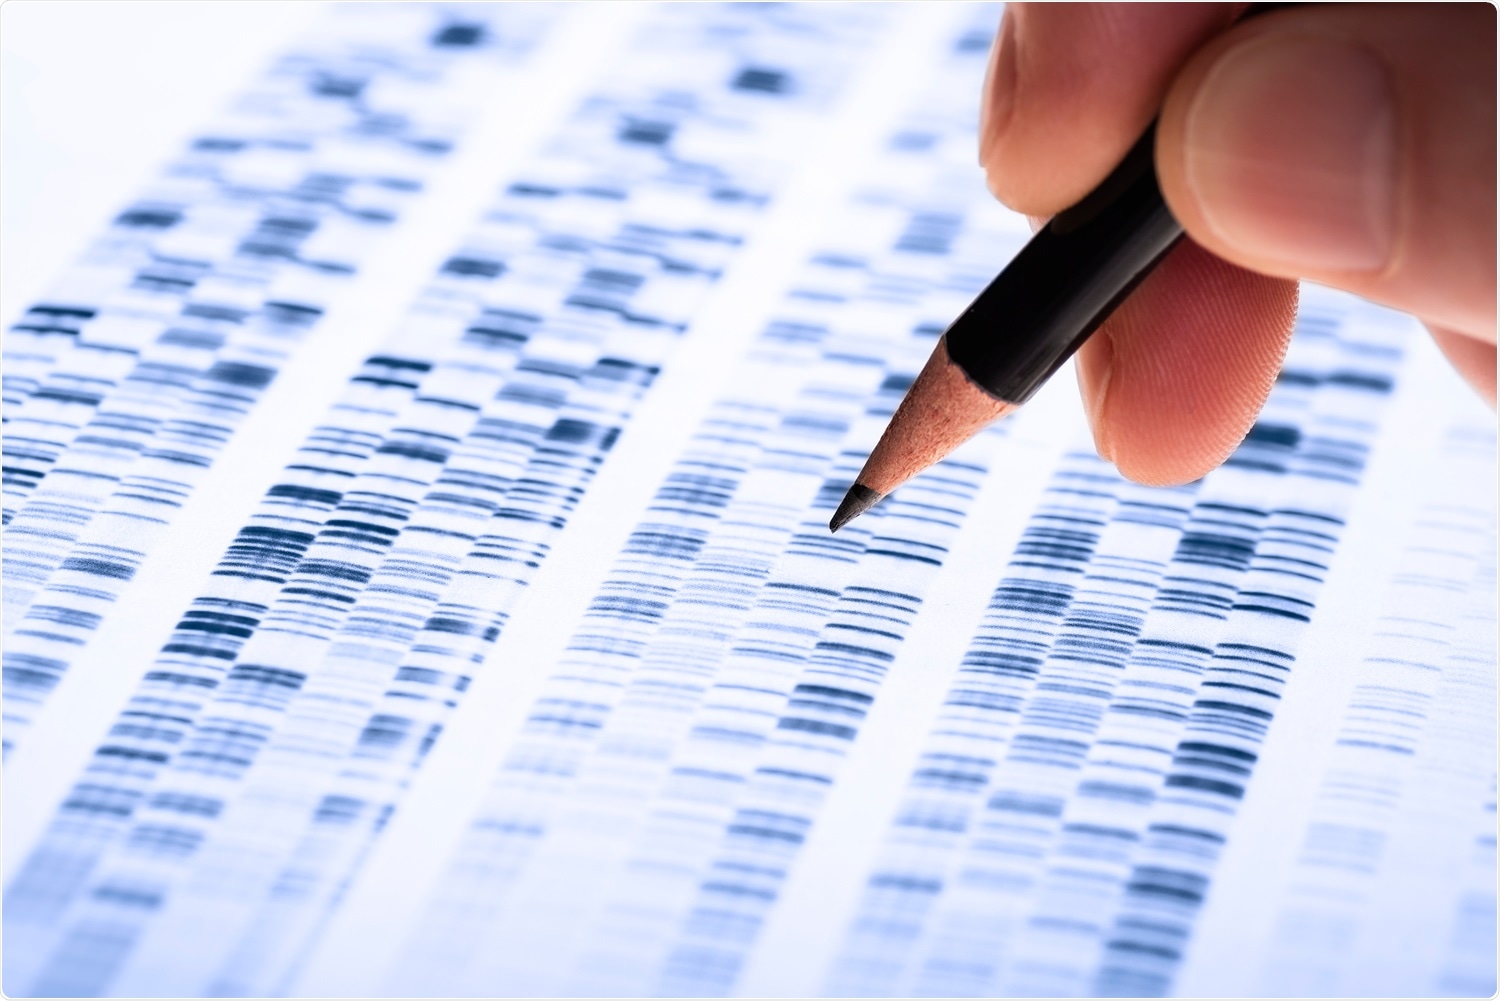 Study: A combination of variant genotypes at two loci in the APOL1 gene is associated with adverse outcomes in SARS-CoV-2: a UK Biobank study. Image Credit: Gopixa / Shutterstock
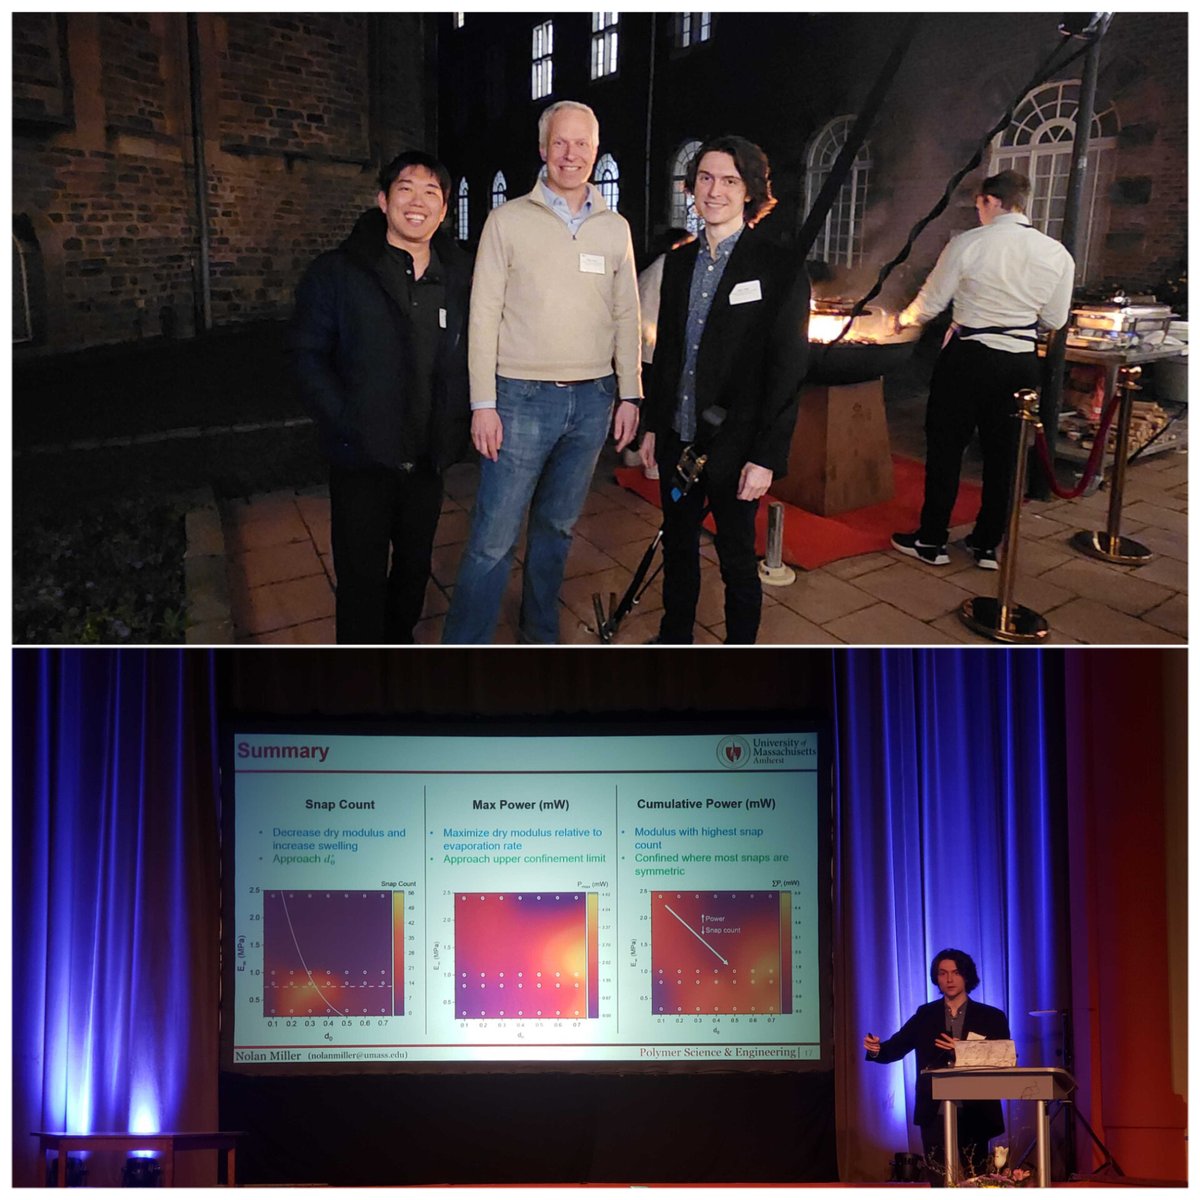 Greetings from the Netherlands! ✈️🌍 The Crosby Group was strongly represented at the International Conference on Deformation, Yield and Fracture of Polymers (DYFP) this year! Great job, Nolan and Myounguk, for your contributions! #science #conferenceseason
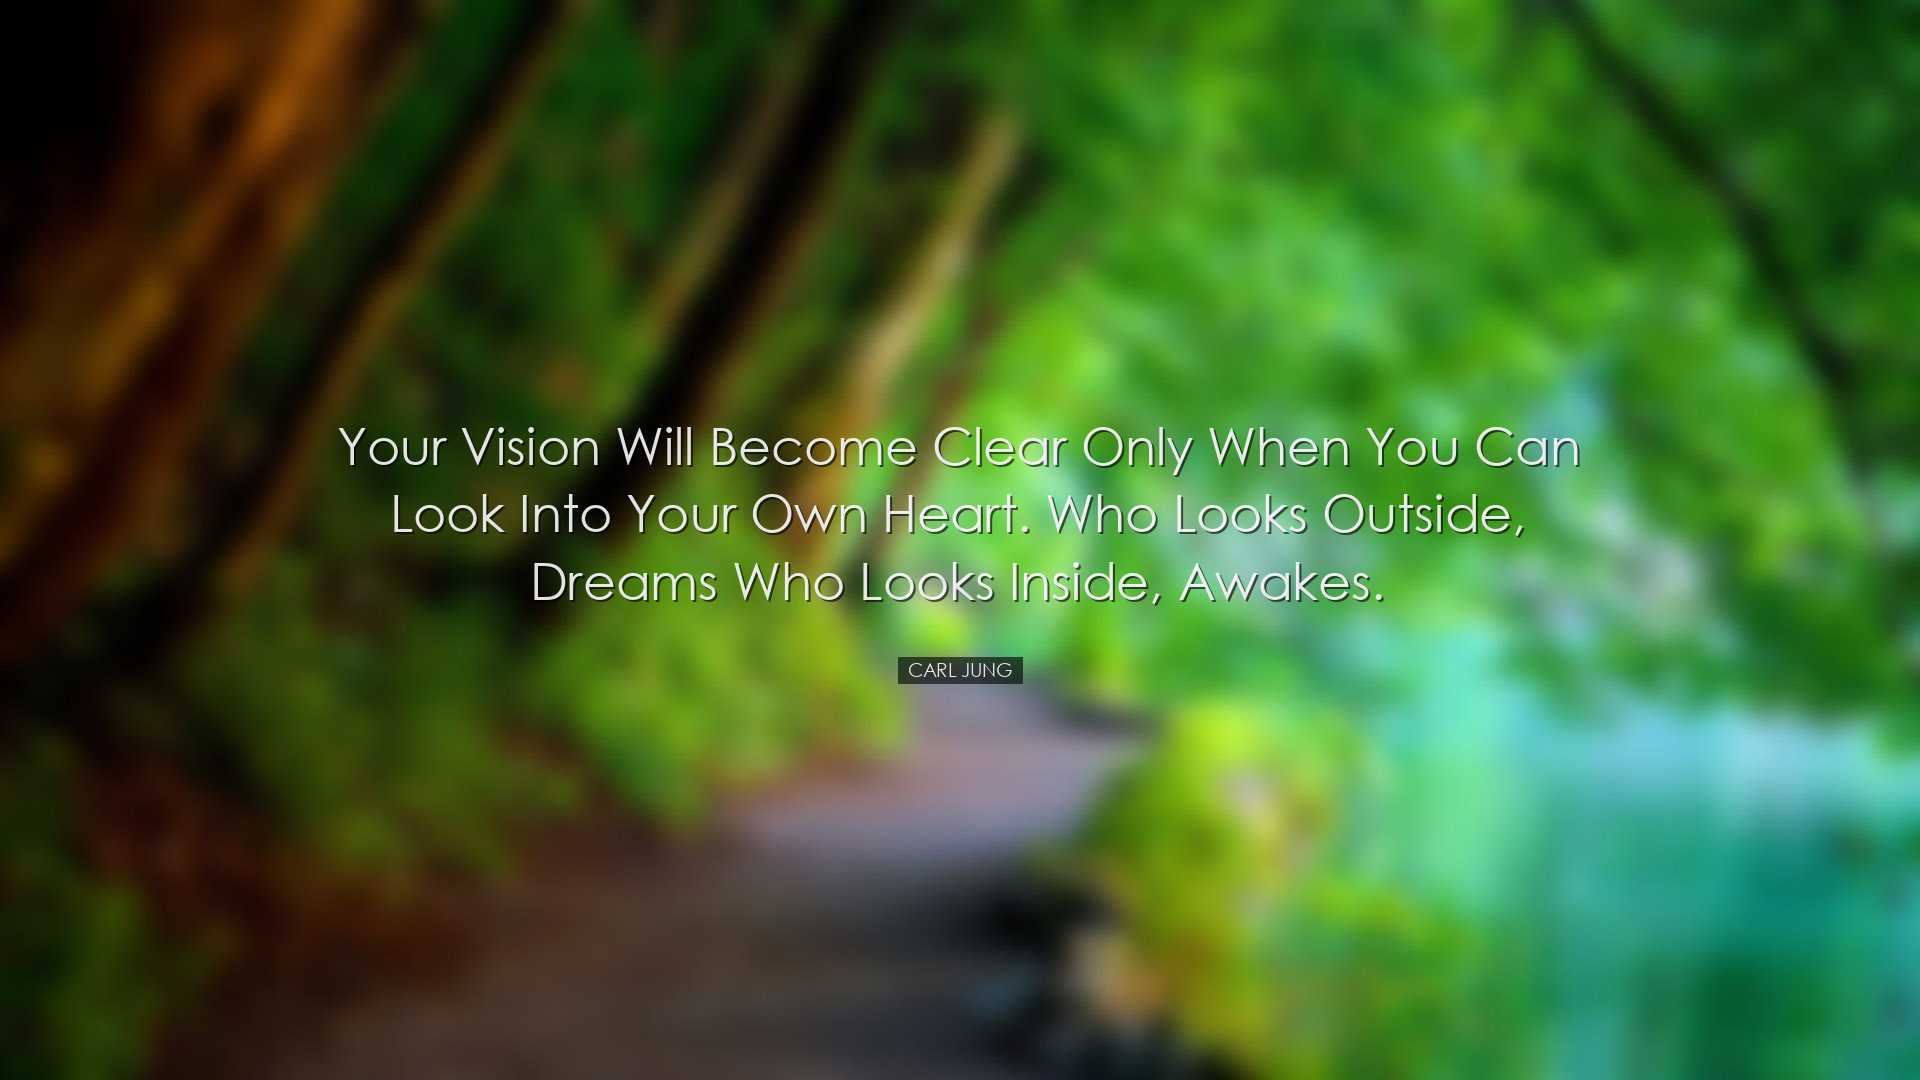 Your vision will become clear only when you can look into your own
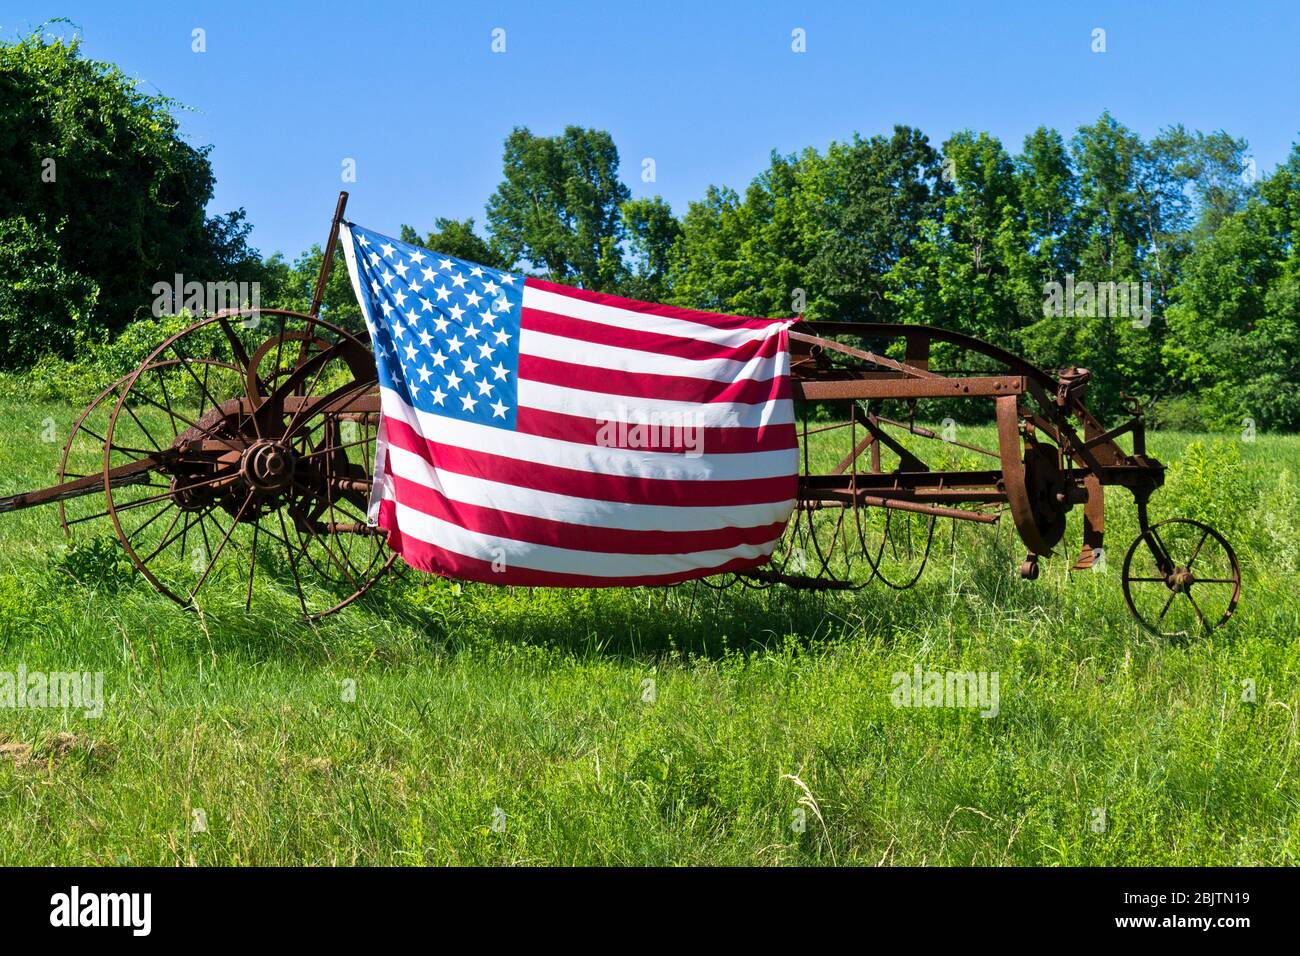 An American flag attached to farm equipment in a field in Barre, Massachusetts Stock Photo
■ ■ ■ ■
:: Work item ::
Write out the listing word for word, omitting the pictures it holds.

:: Written answer ::
 Study: A combination of variant genotypes at two loci in the APOL1 gene is associated with adverse outcomes in SARS-CoV-2: a UK Biobank study. Image Credit: Gopixa / Shutterstock
 Greetings from the Netherlands! ✈️🌍 The Crosby Group was strongly represented at the International Conference on Deformation, Yield and Fracture of Polymers (DYFP) this year! Great job, Nolan and Myounguk, for your contributions! #science #conferenceseason
 Your vision will become clear only when you can look into your own
 An American flag attached to farm equipment in a field in Barre, Massachusetts Stock Photo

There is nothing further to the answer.